You should rely only on the information contained in this proxy statement to vote on the matters presented to you for your approval. We have not authorized anyone to provide you with information that is different from what is contained in this proxy statement. This proxy statement is dated [_______], 2014.
SUMMARY
Our Board of Directors recommends that you vote FOR approval of the Certificate of Amendment. The significant change in the Certificate of Amendment is summarized in the Notice of Special Meeting of Stockholders and is described in detail under “PROPOSAL NO. 1: APPROVAL OF AN AMENDMENT TO THE CERTIFICATE OF INCORPORATION TO INCREASE THE NUMBER OF AUTHORIZED SHARES OF COMMON STOCK.” The proposed change is to amend Article IV of the current Certificate of Incorporation to increase the number of authorized shares of Common Stock from 500,000,000 shares to 2,000,000,000 shares.
Stockholders should consider carefully, in addition to the other information contained in this proxy statement, the following factors before deciding how to vote on the Amendment.
By approving the Amendment, you are approving an increase in the Common Stock of the Company. The issuance of additional shares of Common Stock may adversely affect the value of your shares.

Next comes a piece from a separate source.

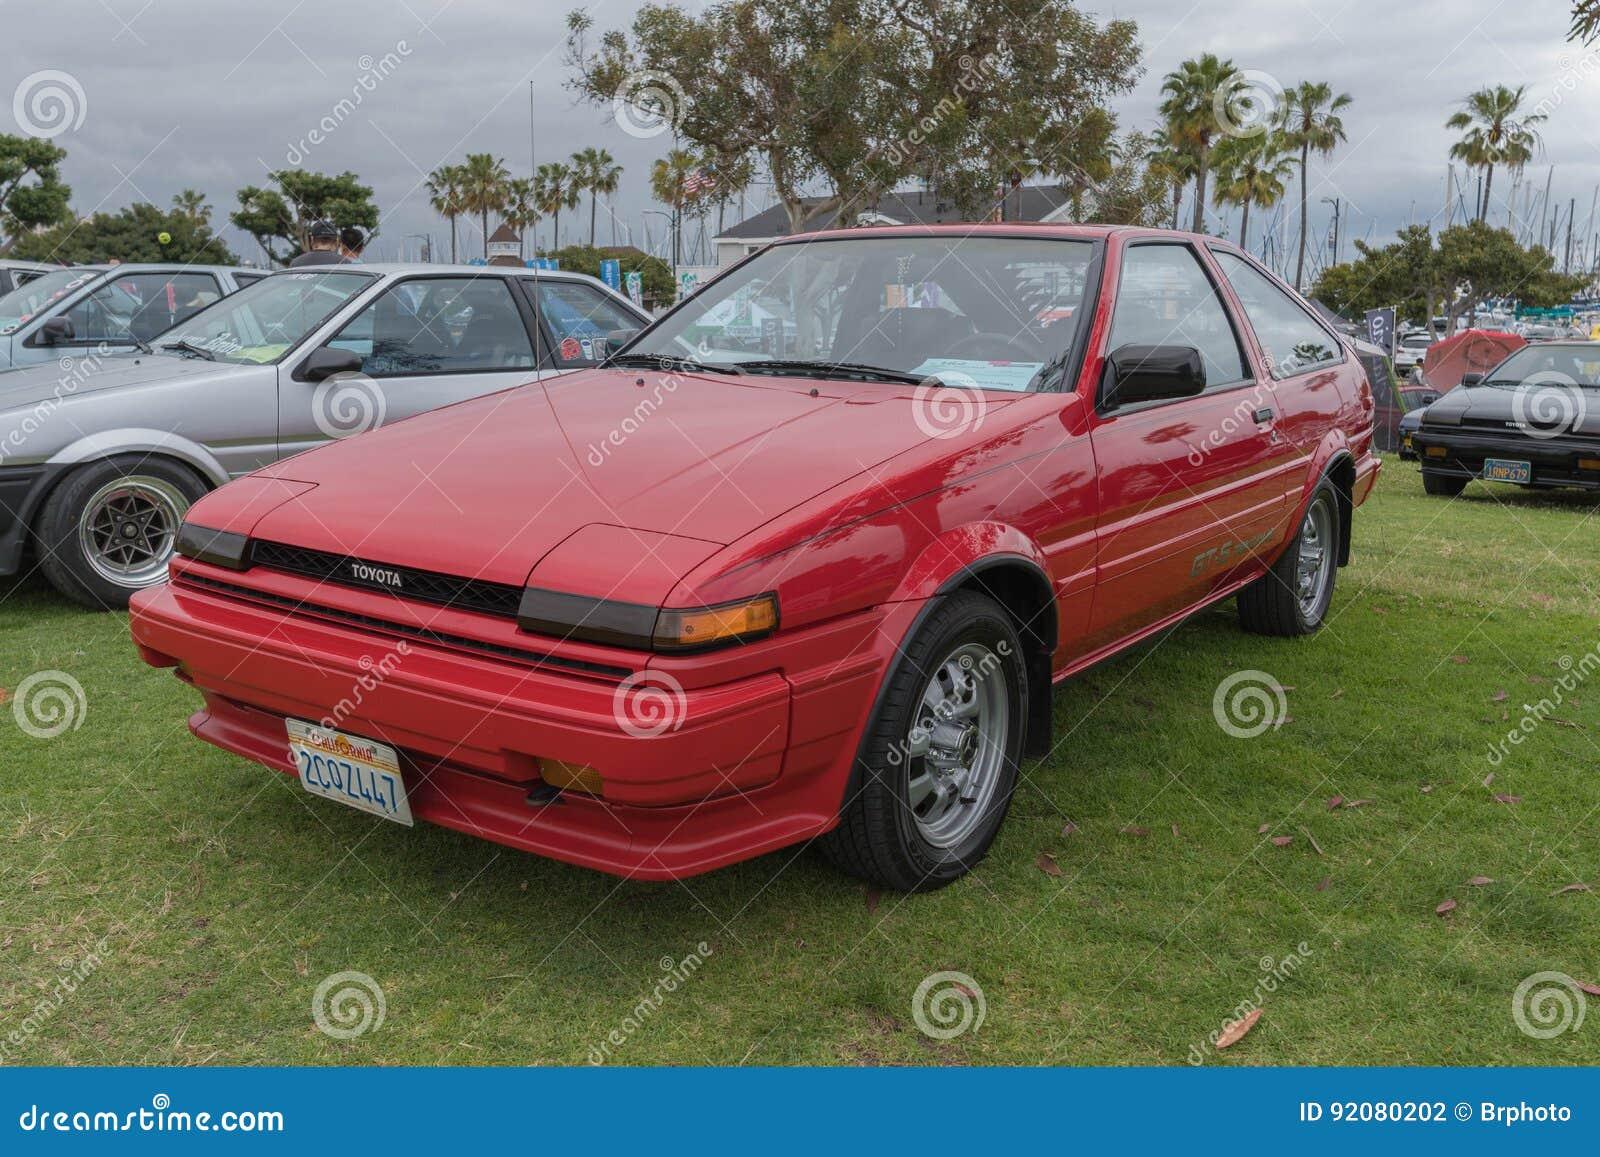 Kelebihan Toyota Corolla 1986 Murah Berkualitas

Upon effectiveness, the Certificate of Amendment will increase the authorized shares of Common Stock. The future issuance of additional shares of Common Stock would have a dilutive effect on existing stockholders. Accordingly, the issuance of Common Stock may adversely affect the value of your shares.
THE SPECIAL MEETING
General
The Board of Directors of AMIC is soliciting your proxy in the form enclosed with this proxy statement. The proxy will be used at our Special Meeting called to consider approval of the Amendment. We are sending this proxy statement and the enclosed proxy form to you on or about [__________], 2014.

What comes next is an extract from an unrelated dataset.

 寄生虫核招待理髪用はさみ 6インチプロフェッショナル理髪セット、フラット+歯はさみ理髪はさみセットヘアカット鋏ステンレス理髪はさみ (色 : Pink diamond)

Date, Time and Place of the Special Meeting; Record Date
The Special Meeting will be held on October 28, 2014, at 10:00 am Pacific time, at AMIC’s executive offices at 6208 W. Okanogan Avenue, Kennewick, WA 99336. Our Board of Directors has fixed the close of business on September 23, 2014 as the record date for the determination of our stockholders entitled to notice of and to vote at the Special Meeting. Only holders of record of our Common Stock at the close of business on the record date are entitled to notice of and to vote at the meeting. No other voting securities of AMIC are outstanding. Votes may be cast either in person or by properly executed proxy. As of the close of business on the record date, there were 327,146,158 shares of our Common Stock outstanding and entitled to vote held of record by approximately 300 stockholders.
What Will Be Voted On
Stockholders are being asked to approve the Amendment attached to this proxy statement as Exhibit A.
Quorum
Our By-laws specify that a quorum for the conduct of business at the Special Meeting requires the presence, in person or by proxy, of holders of a majority of the outstanding shares of our Common Stock. This provision will require the holders of at least 163,573,080 shares of our Common Stock to be represented at the Special Meeting in person or by proxy. If a quorum is not present at the Special Meeting, the persons named as proxies may propose one or more adjournments of the Special Meeting for a total of not more than 30 days in the aggregate to obtain a quorum or to permit further solicitation of proxies. An adjournment may be approved by the affirmative vote of the holders of a majority of the Common Stock shares present in person or by proxy at the Special Meeting, even though less than a quorum. The persons named as proxies will vote the shares represented by the proxy on proposals for adjournment in their discretion.
Vote Required for Approval
The proposal to approve the Amendment requires the affirmative vote of not less than a majority of the outstanding shares of Common Stock. In accordance with Delaware law, abstentions will be counted for purposes of determining both whether a quorum is present at the meeting and the total number of shares represented and voting on this proposal. However, since the approval of the amendment to the Certificate of Incorporation is considered a routine matter, broker non-votes will not impact the approval of the proposal. Each holder of the Company’s Common Stock is entitled to one vote for each share held as of the record date with respect to all matters that may be considered at the meeting. Stockholder votes will be tabulated by persons appointed by the Board of Directors to act as inspectors of election for the meeting.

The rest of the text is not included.